It will not land daintily on a set of landing legs with a dignified burst of retrorockets. It will land most undignified, swathed within a bundle of airbags that will protect it as it comes to a stop after bounding across the Martian terrain. But when you're trying to squeeze a Mars landing mission into the budget of a Discovery-class mission, you'll do what it takes to safely put your craft down on the Red Planet.
     Unlike the Viking landers in 1976, or the Surveyor landers on the Moon in the 1970s, Mars Pathfinder will use a landing procedure that eschews landing legs -- and the costs and complications that come with them -- with a simpler but untried system that, even if it works, may not be used again in future missions.
[illustration     The landing sequence beings about thirty minutes before Martian landfall. At that time the cruise stage of the spacecraft, which has protected and cooled Mars Pathfinder since launch, is jettisoned. An hour before the cooling fluid in the cruise stage was vented. The spacecraft and aeroshell now make their final approach to the planet.
     About five minutes before landing, the spacecraft encounters the Martian atmosphere at a speed of 26,500 kmph (16,400 mph). The heatshield dissipates the heat of entry into the tenuous Martian atmosphere as the spacecraft suddenly slows from nearly 7.5 km/s to only 0.4 km/s (900 mph). Deceleration reaches a peak of 20 g's, 20 times the force of Earth's gravity, during this time. Accelerometers on the spacecraft use this deceleration as a prompt to start the landing procedure.
     About 2 to 3 minutes after atmospheric entry, a parachute deploys. The 7.3-meter (24-foot) parachute, a modified version of the ones used in the Viking landings, will slow Pathfinder down to only 65 meters/second (145 mph).
[illustration     Twenty seconds after the parachute deploys, the heatshield is removed. The spacecraft itself starts to rappel down a cable attached to the back part of the aeroshell, to which the parachute is attached. This is designed to give the spacecraft room to inflate its airbags.

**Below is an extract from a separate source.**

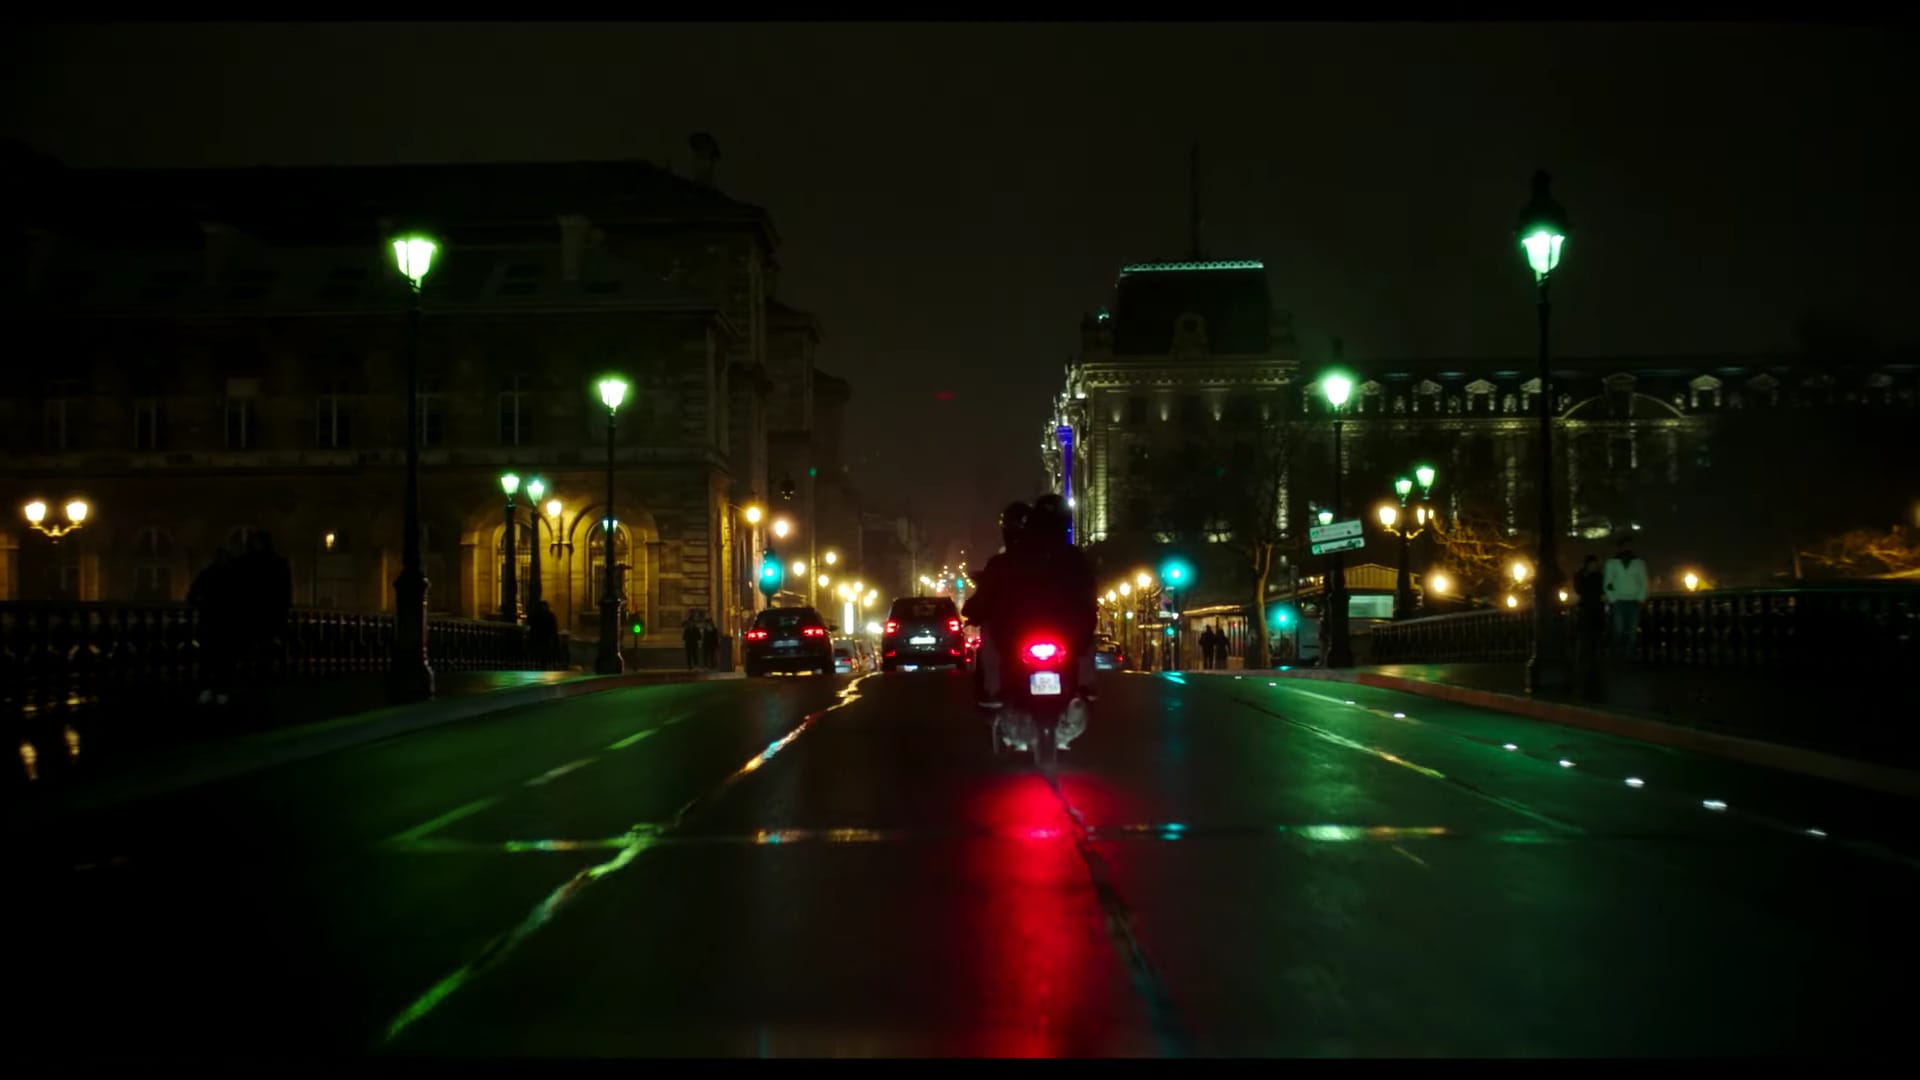 Vue de nuit sur une rue parisienne, un scooter et des véhicules freinent

     Eight seconds before landing, when the spacecraft is about 300 meters (1,000 feet) above the surface, the airbags will inflate. The airbags are inflated in less than a third of a second to a pressure of 1 psi, only about 7 percent of normal atmospheric pressure on Earth but much higher than the pressure of the Martian atmosphere.
     When the spacecraft is just 100 meters (330 feet) above the surface (a radar altimeter on the spacecraft provides altitude information for this stage of the landing), a set of solid rocket motors above the spacecraft, on the back section of the aeroshell, fire. This effectively slows the spacecraft to a stop while still 10-20 meters (30-60 feet) above the surface.
[illustration     Then the airbags are put to use. A charge cuts the tether connecting the spacecraft to the parachute and aeroshell. The parachute and aeroshell fall away from the spacecraft, which, encased in airbags, drops to the surface. Pathfinder may hit the surface as fast as 25 meters/second (55 mph). The landing will take place at 1:07pm EDT July 4.
     Friction and gravity will bring Pathfinder to a stop, but not after the spacecraft bounces across the Martian terrain, going perhaps as high as 12 meters (40 feet) and making jumps of up to 200 meters (660 feet) between bounced. The bounce phase will take up to a few minutes to complete.
     Once the spacecraft comes to a stop, a charge will blow that will unlock the three pain pedals that form the base of Mars Pathfinder, allowing them to open. As that happens, a set of internal lines in each of the airbags will start up, retracting the airbags. This process also deflates the bags as gas is vented out through special ports in the airbags. Mission planners have allowed three hours for this to happen.
[illustration     Throughout this time, the spacecraft is not in communication with the Earth. During the landing phase on a simple carrier wave is transmitted. Engineers on Earth will use the Doppler shift of the frequency to determine the speed of the spacecraft, and hence where in the landing phase it is at.
     If all goes well, and the spacecraft is on the ground and functioning well, the first images of the surface of Mars will be transmitted back at around 7-8pm EDT. If the situation looks good, mission controllers will tell Pathfinder to deploy the ramp for the rover. Sojourner could be moving across the Martian surface as early as midnight EDT.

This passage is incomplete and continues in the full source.